§ HOW TO COMPLETE THIS TASK
Exactly as given, write out the lines from the one containing "Series: Schlumberger Sixteen Stone" through the end of the listing, with both ends included and nothing else.
[Opening GIVEN ENTRIES section]
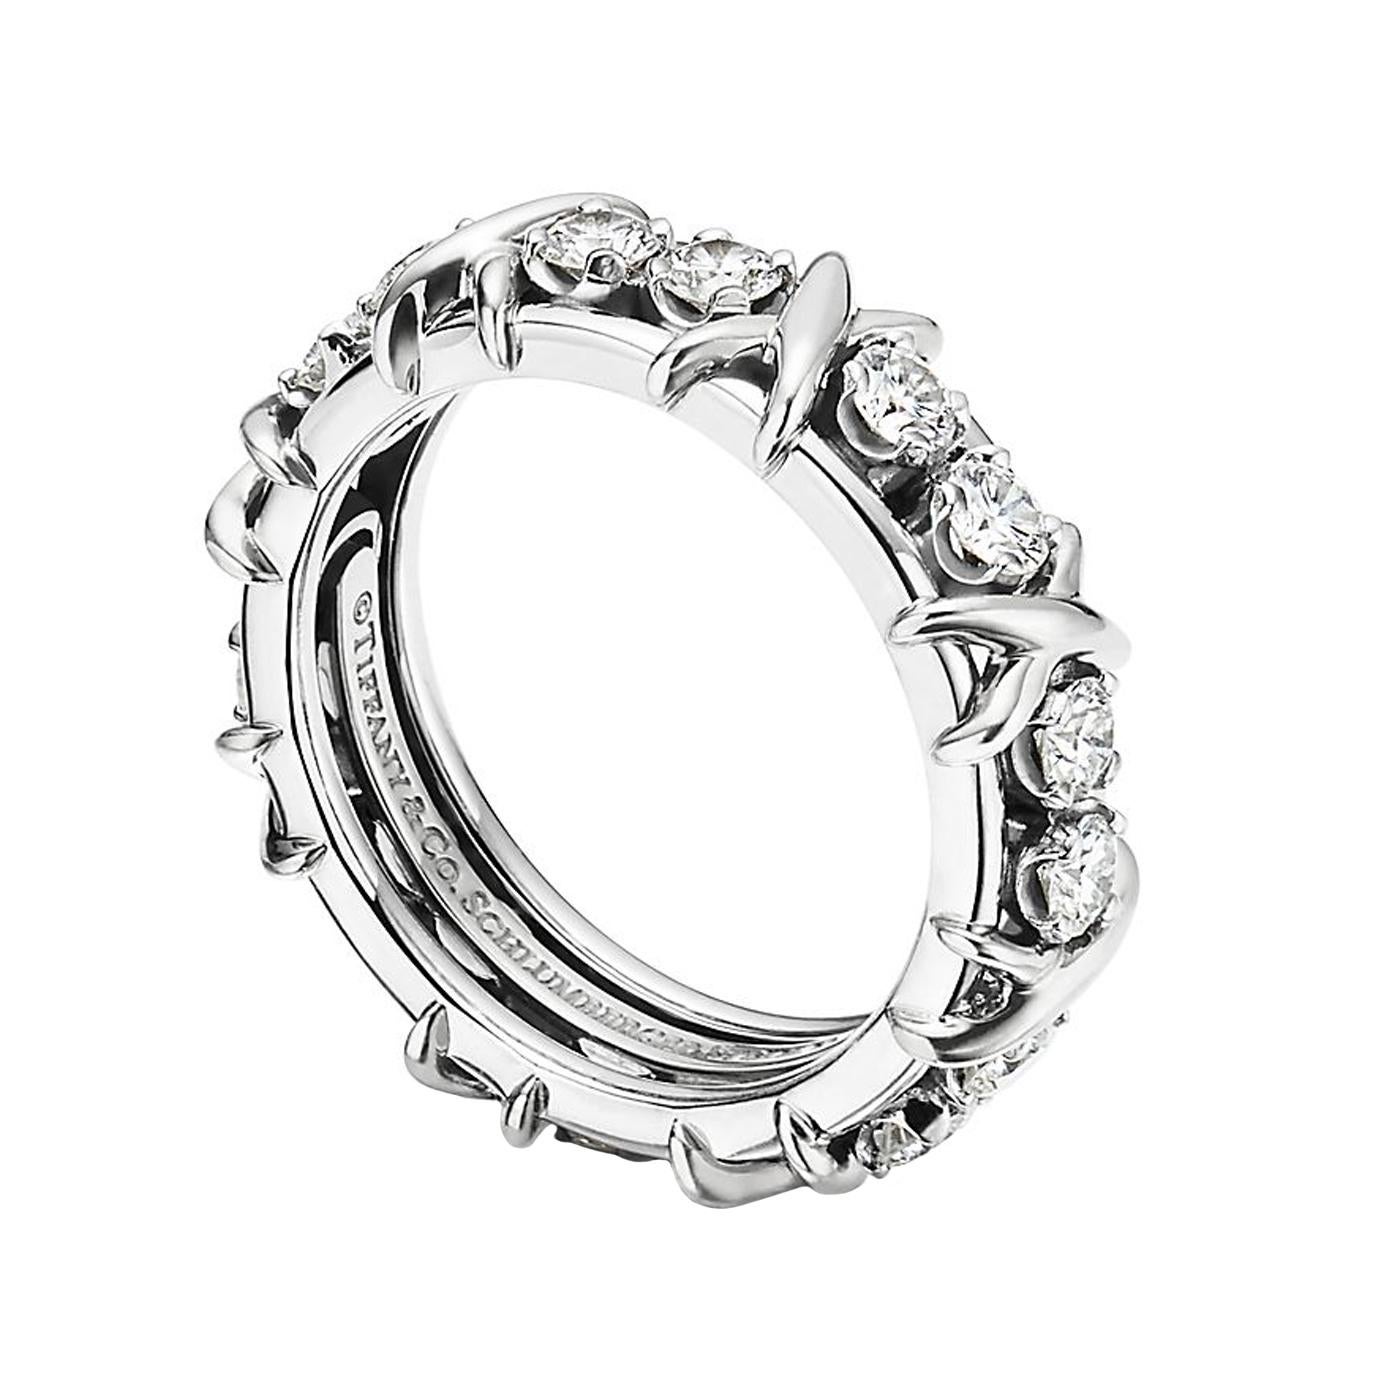 Jean Schlumberger’s visionary creations are among the world’s most intricate designs. Brilliant diamonds alternate with platinum X's to create this dazzling design. 

Details:
Brand: Tiffany & Co.
Series: Schlumberger Sixteen Stone
Total Carat
[Closing GIVEN ENTRIES section]
§ YOUR SOLUTION
Series: Schlumberger Sixteen Stone
Total Carat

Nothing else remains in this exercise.